BACKGROUND OF THE INVENTION The present invention relates to a screen screen mask with through holes. At the screen with a shielding mask, some of the converging electron beams are projected through a selection screen mask with many open mosaic screens. Generally, a shielding mask is attached to a rigid frame which is again suspended within the screen box.

So far, all commercial color screens have a front or observation screen portion that is either spherical or cylindrical. However, it is desirable to develop a screen with a generally flat screen. However, there are problems that need to be resolved before the flat screen screen is commercially available. The big problem is connected with the shielding mask. According to the screen design concepts of the prior art, the screen mask is similarly curved in screens with curved screen so that it is parallel to the screen contour. But such a mask has insufficient self-supporting strength or stiffness. One way to provide this strength or stiffness would be to subject the strain mask as it is done with some commercially available screens with cylindrical screens. But stress-based methods require unnecessary expensive frame structures. The second way to deliver the mask strength would be to give it a certain degree of shaping. But again, the problem caused a bulge problem during the initial period of screen production caused by heating the shield mask and stretching when the mask is bombarded with electron beams.

The above-mentioned drawbacks are eliminated in the screen mask of the invention in accordance with the invention by being provided with parallel corrugations defined by two undulating sides and two second sides, the distance between adjacent peaks of the undulations being at least twice as large as the distance between adjacent openings.

The screening mask according to the invention is itself very rigid and does not require any additional reinforcing structures. Exemplary embodiments of a screen shield mask according to the invention are shown in the accompanying drawings, in which, in FIG. 1, a screen with a flat screen shield mask is shown in plan view and partly in section, FIG. 2 is a plan view and a partial section of one embodiment of the screen according to the invention; FIG. 3 is a perspective view of a screen mask with the screen mask of FIG. 2; FIG. 4 is a perspective view of a modification of the mask - screen of FIG. 3; FIG. 5 is a plan view of the mask; 6 is an enlarged top view of the mask screen of FIG. 2; FIGS. 7 and 8 show enlarged portions of numbers 7 and 8 in FIGS. 5 and 6; FIGS. a rear view, a plan view of a cylindrical screen assembly with a screen mask, FIG. FIGS. 12, 13 and 14 are a rear view, a plan view and a side view of a screen mask assembly with a screen mask; FIG. 15 is a plan view of a mask-screen screen according to another embodiment of the invention; FIG. 16 is a plan view of a mask-screen shield; FIG. 17 is a cross-sectional view taken along line 18-18 of FIG. 17; FIG. 18 is a cross-sectional view taken along line 18-18 of FIG. 17; FIG. an enlarged partial section along line 19-19 in FIG. 18.
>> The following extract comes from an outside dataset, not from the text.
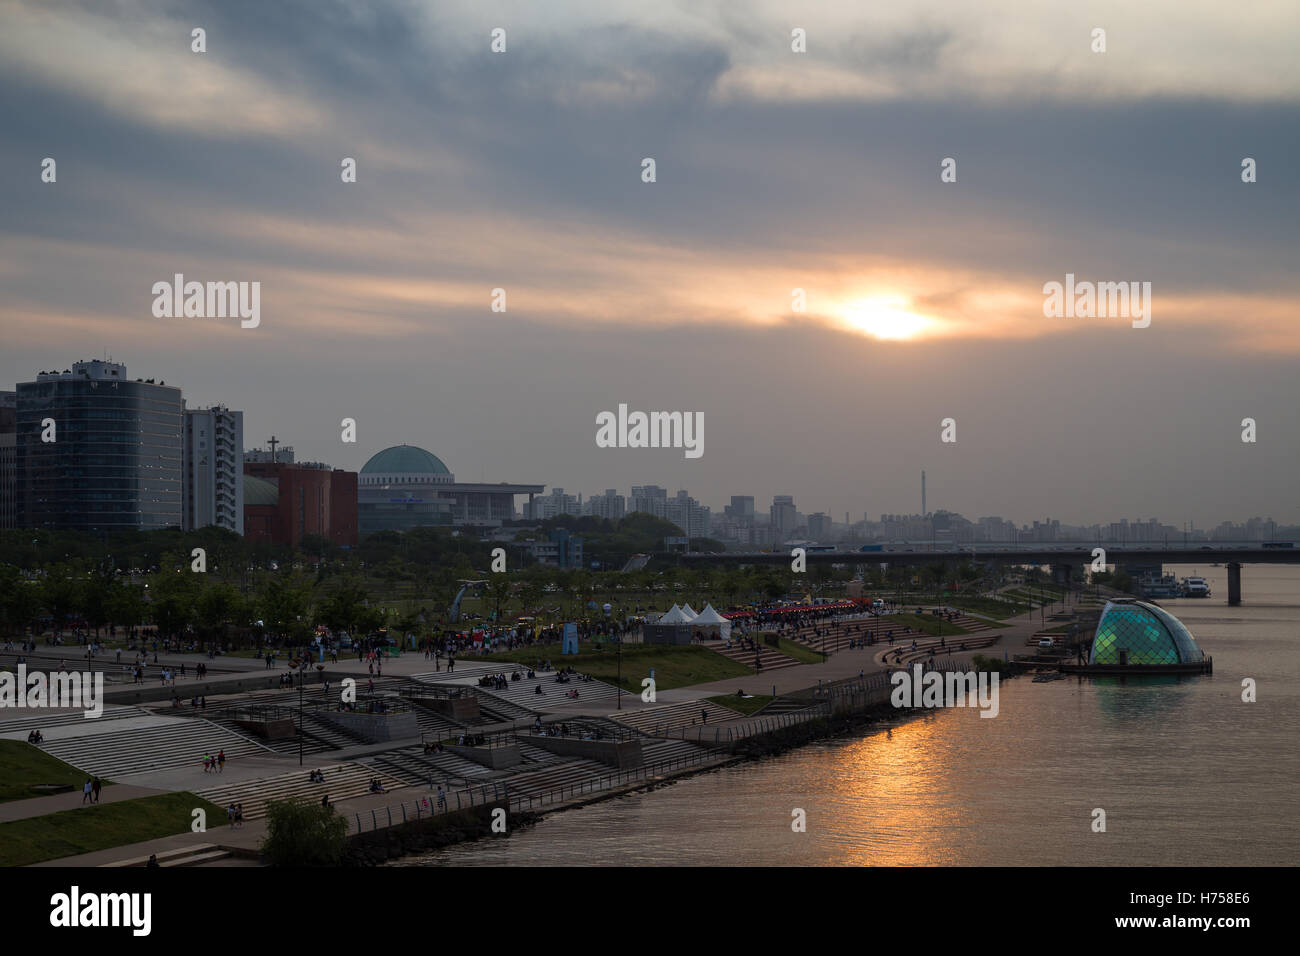 Vue sur un parc dans le fleuve le long de la rivière Han à Séoul, Corée du Sud, au coucher du soleil. Copier l'espace. Banque D'Images

FIG. 1 shows a flat screen screen 16 for a flat screen whose mask 18 has a backward curvature for strengthening it. Fig. 2 shows a mask assembly 18 similar to that shown in Fig. 1. 2 depicts a screen 20 for a color television with an aperture mask according to the invention and comprising a glass container 22 in which there is a vacuum. The box 22 has a rectangular flat screen 24, a funnel portion 26, and a neck 28. On the inside surface 32 of the screen 24 there is a screen 30 of a luminiforene electron gun assembly 34 located at the neck 28 of my three electron nozzles. The rectangular aperture mask 36 is located in the housing 22 adjacent to the screen 22. The electron gun assembly 34 is adapted to project three electron beams through a mask 36 with apertures that impinge on the screen 22. on a screen 30 with a mask 36 serving as a color selection electrode. The magnetic deflection yoke 38 is positioned on the receptacle 22 near the intersection of the funnel-shaped portion 26 and the neck 28 * When the yoke 38 is suitably excited, it causes the electron beams to extend the screen 22 in a rectangular grid.

The aperture mask 36 shown below in Figure 3 is curved or slightly sinusoidal along a horizontal axis 4 in the direction of the longer mask size with the undulating 5 - 229 912 vertical X between the long sides of the mask 18 or the shorter dimension of the mask. it is understood that the term " wavy " is broadly defined herein to encompass shapes including sawtooth and sinusoidal shapes. Although the mask 36 is shown without any curl, it should be understood that the mask 36 with some undulations along the vertical axis is also included within the scope of the present invention, an example of which is described below.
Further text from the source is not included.